Song by The Notorious B.I.G.

from the album Life After Death
- Released: March 25, 1997
- Recorded: 1996–1997
- Genre: Hip-hop; East Coast hip-hop;
- Length: 3:24
- Label: Bad Boy; Arista;
- Songwriters: Christopher Wallace; Christopher Martin; Khary Kimani Turner;
- Producer: DJ Premier

= Ten Crack Commandments =

"Ten Crack Commandments" is a song by American rapper The Notorious B.I.G. on disc two of his final studio album, Life After Death. It was written by B.I.G. (credited under his legal name, Christopher Wallace) along with producer DJ Premier.

==Background==
The song is a step-by-step guide to achieving success as a drug-dealer. Biggie, purportedly, was inspired by an article penned by Khary Kimani Turner (under the pseudonym KT) in the hip hop magazine The Source. The July 1994 article, entitled "On the Rocks: From 1984 to 1994, Ten Years of Crack", included a sidebar, "A Crack Dealer's Ten Crack Commandments" that outlines ten critical rules to help dealers survive and thrive in the drug business.
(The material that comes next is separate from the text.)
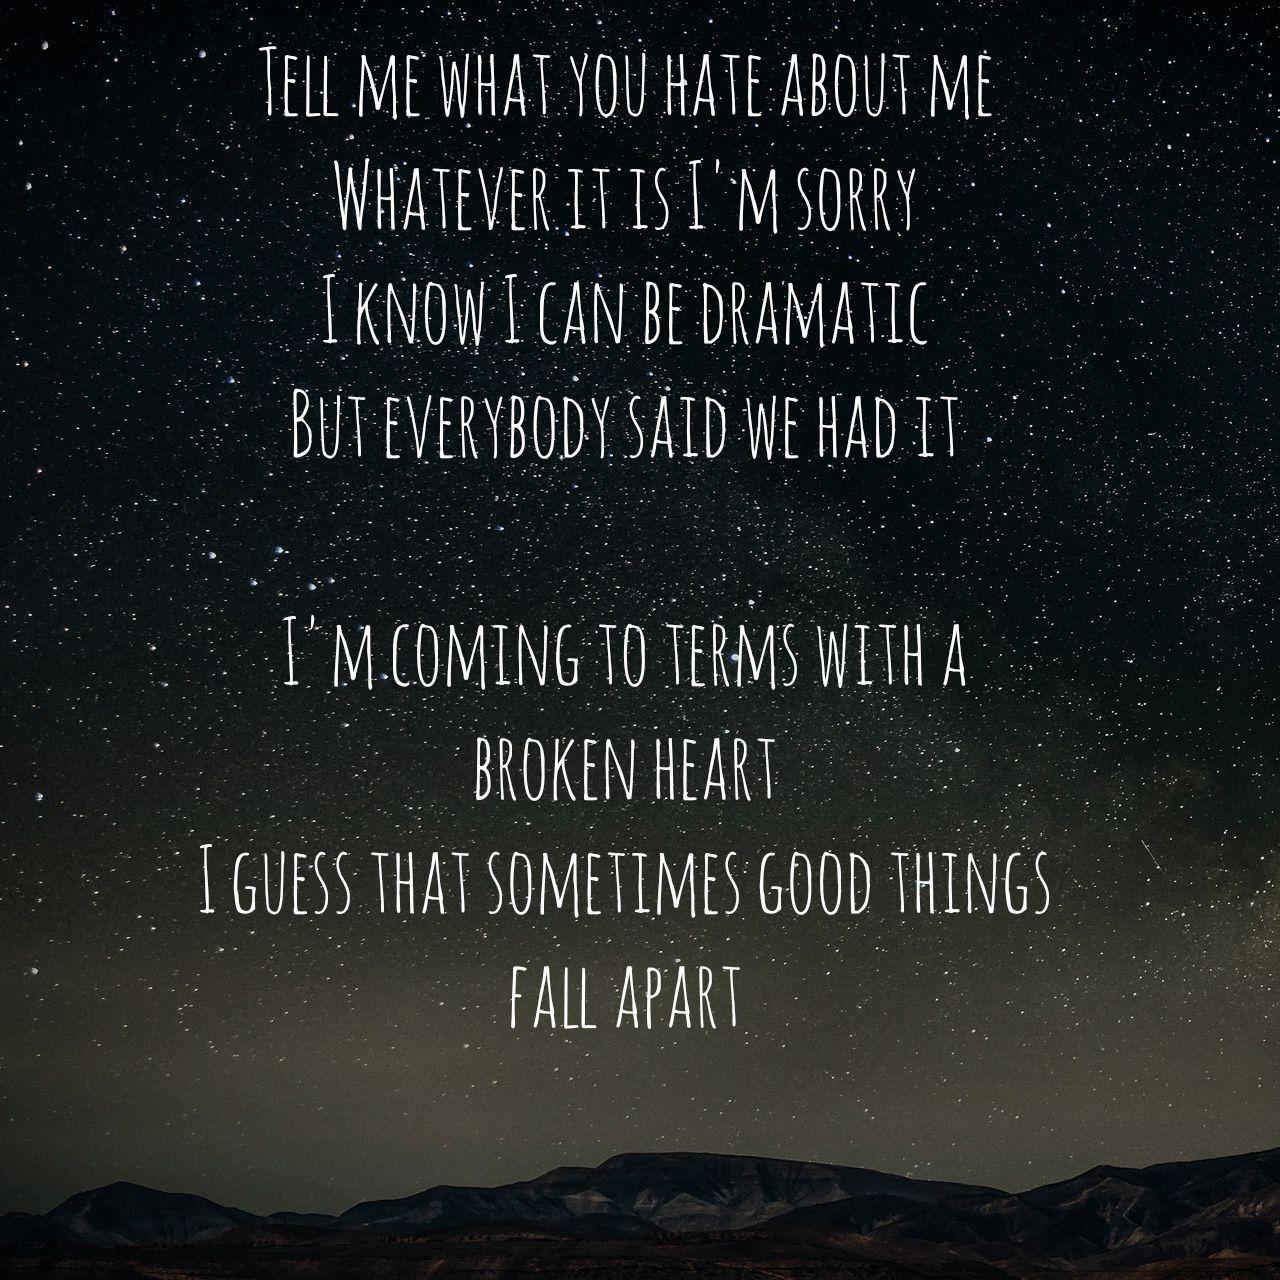 Good Things Fall Apart By Jon Bellion Lyrics

The crack epidemic of the early 1980s and the early 1990s was the flood of crack cocaine usage in urban communities across the United States. Beginning around the same time as hip hop music became the sound of these same urban areas, the manifestations of the crack epidemic became a key theme in hip hop music.

==Lawsuit==
Chuck D., co-founder of Public Enemy sued the Notorious B.I.G. estate and DJ Premier for sampling his voice and song "Shut 'Em Down" as he didn't want to be part of a song supporting drug use. The lawsuit was settled in November of 1998.

==Composition==
"Ten Crack Commandments" does not follow the typical constructs of a hip hop or pop song. It contains no chorus and abandons the typical 16-bar construction of a rap verse. Instead, the song presents the lyrics in a list and offers a short, witty explanation of each.

===The Ten Crack Commandments===
1. Never let anyone know how much money you have.
2. Never let anyone know your next move.
3. Never trust anyone.
4. Never use what you sell. ("Know you've heard this before, never get high on your own supply")
5. Never sell where you live.
6. Never give credit.
7. Keep your family and business completely separated.
8. Never keep any weight on you.
9. If you aren't being arrested, stay away from police.
10. Consignment is not for novices.

==Legacy==
Billboard ranked the song number nine on their list of the 25 greatest Notorious B.I.G. songs. Lin-Manuel Miranda paid homage with the song "Ten Duel Commandments" in the musical Hamilton.

==Certifications==

Certifications for "Ten Crack Commandments"
| Region | Certification | Certified units/sales |
| New Zealand (RMNZ) | Gold | 15,000^{‡} |
| United Kingdom (BPI) Sales since 2004 | Silver | 200,000^{‡} |
^{‡} Sales+streaming figures based on certification alone.